* **RECORDS PROVIDED**
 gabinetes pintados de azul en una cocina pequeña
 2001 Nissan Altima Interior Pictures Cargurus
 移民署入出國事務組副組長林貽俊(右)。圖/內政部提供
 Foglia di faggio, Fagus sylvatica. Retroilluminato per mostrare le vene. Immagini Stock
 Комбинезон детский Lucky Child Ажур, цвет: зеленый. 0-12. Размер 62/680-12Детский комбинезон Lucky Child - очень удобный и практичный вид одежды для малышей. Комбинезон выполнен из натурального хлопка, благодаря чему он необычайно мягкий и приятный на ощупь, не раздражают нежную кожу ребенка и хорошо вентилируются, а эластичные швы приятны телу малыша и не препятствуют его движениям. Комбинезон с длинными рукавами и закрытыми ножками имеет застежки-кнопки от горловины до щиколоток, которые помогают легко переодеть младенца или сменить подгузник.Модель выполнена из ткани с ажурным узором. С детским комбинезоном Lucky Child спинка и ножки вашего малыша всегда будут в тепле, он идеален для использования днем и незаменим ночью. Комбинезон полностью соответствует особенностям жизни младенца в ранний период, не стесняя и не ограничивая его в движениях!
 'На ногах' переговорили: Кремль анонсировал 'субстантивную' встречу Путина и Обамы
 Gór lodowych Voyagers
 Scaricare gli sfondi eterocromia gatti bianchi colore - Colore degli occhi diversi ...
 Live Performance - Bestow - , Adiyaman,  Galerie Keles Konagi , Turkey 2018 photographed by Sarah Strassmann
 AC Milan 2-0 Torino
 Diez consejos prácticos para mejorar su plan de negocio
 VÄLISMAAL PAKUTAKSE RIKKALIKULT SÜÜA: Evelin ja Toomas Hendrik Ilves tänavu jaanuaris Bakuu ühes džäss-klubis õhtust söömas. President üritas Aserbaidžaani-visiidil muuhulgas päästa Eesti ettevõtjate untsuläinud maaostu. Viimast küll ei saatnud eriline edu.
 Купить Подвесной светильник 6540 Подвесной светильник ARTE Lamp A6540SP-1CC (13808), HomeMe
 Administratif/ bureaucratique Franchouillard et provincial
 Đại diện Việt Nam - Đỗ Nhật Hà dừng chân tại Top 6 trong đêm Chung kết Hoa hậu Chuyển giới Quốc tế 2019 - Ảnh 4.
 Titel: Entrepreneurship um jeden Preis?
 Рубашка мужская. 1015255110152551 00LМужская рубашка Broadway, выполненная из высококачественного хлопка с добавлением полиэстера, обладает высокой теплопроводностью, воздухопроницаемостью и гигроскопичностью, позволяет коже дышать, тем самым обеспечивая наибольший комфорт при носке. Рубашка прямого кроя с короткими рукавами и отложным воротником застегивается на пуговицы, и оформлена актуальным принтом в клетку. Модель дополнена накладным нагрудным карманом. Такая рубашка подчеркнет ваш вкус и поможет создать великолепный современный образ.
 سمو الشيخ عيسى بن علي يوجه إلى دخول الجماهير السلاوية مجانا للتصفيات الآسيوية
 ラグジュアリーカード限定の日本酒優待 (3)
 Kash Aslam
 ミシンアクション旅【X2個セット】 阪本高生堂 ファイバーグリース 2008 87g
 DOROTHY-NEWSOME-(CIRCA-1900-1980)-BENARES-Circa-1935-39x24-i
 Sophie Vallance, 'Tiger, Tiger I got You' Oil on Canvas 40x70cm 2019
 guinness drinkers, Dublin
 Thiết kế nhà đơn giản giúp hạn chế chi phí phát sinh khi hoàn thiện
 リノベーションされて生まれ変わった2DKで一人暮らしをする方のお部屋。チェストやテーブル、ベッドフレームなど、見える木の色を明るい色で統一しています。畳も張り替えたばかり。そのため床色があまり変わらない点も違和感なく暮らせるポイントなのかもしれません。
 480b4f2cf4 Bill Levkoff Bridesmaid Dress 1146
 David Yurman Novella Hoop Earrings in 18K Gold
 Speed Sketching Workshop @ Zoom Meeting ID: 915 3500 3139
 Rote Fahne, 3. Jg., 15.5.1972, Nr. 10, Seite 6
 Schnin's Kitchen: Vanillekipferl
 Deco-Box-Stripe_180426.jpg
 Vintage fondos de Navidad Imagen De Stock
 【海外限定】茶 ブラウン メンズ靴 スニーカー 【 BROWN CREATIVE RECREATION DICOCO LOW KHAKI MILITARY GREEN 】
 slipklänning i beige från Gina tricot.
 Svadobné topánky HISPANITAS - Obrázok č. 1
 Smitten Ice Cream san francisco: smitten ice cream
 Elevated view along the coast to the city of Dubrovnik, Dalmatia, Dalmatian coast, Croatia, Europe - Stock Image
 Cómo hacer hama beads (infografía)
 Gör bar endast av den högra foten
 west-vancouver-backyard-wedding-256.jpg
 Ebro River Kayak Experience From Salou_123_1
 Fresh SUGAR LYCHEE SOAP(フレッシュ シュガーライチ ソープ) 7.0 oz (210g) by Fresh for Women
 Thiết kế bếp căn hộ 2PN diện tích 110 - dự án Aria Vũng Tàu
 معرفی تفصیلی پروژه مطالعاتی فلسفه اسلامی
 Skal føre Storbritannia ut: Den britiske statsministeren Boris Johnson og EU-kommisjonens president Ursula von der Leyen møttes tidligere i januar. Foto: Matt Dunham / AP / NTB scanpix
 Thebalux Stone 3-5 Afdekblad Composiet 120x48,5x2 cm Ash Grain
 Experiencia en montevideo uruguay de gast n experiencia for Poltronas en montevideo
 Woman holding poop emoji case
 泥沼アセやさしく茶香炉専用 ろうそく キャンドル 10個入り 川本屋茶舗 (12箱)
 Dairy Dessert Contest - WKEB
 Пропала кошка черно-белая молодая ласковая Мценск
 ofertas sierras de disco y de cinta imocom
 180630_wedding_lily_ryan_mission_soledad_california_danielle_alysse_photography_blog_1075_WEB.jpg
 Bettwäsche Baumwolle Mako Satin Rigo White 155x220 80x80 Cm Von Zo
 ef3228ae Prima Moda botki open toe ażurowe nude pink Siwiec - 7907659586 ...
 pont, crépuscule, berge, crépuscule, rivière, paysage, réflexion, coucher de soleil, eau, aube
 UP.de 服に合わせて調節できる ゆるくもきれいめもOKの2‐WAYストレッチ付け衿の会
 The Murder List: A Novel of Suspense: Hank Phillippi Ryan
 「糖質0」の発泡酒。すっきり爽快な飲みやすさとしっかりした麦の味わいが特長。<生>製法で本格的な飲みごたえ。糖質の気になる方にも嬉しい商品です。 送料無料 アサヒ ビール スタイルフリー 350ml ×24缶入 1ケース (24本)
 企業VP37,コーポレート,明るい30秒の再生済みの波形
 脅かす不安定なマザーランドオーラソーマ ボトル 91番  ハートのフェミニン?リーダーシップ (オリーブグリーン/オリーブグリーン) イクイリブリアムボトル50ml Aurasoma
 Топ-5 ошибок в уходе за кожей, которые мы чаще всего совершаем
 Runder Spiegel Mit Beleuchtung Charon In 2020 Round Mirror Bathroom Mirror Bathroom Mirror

* **TRY IT**
Return only the lines between the one holding "معرفی تفصیلی پروژه مطالعاتی فلسفه اسلامی" and the one holding "The Murder List: A", inclusive, exactly as they appear above.

* **EXERCISE RESPONSE**
 معرفی تفصیلی پروژه مطالعاتی فلسفه اسلامی
 Skal føre Storbritannia ut: Den britiske statsministeren Boris Johnson og EU-kommisjonens president Ursula von der Leyen møttes tidligere i januar. Foto: Matt Dunham / AP / NTB scanpix
 Thebalux Stone 3-5 Afdekblad Composiet 120x48,5x2 cm Ash Grain
 Experiencia en montevideo uruguay de gast n experiencia for Poltronas en montevideo
 Woman holding poop emoji case
 泥沼アセやさしく茶香炉専用 ろうそく キャンドル 10個入り 川本屋茶舗 (12箱)
 Dairy Dessert Contest - WKEB
 Пропала кошка черно-белая молодая ласковая Мценск
 ofertas sierras de disco y de cinta imocom
 180630_wedding_lily_ryan_mission_soledad_california_danielle_alysse_photography_blog_1075_WEB.jpg
 Bettwäsche Baumwolle Mako Satin Rigo White 155x220 80x80 Cm Von Zo
 ef3228ae Prima Moda botki open toe ażurowe nude pink Siwiec - 7907659586 ...
 pont, crépuscule, berge, crépuscule, rivière, paysage, réflexion, coucher de soleil, eau, aube
 UP.de 服に合わせて調節できる ゆるくもきれいめもOKの2‐WAYストレッチ付け衿の会
 The Murder List: A Novel of Suspense: Hank Phillippi Ryan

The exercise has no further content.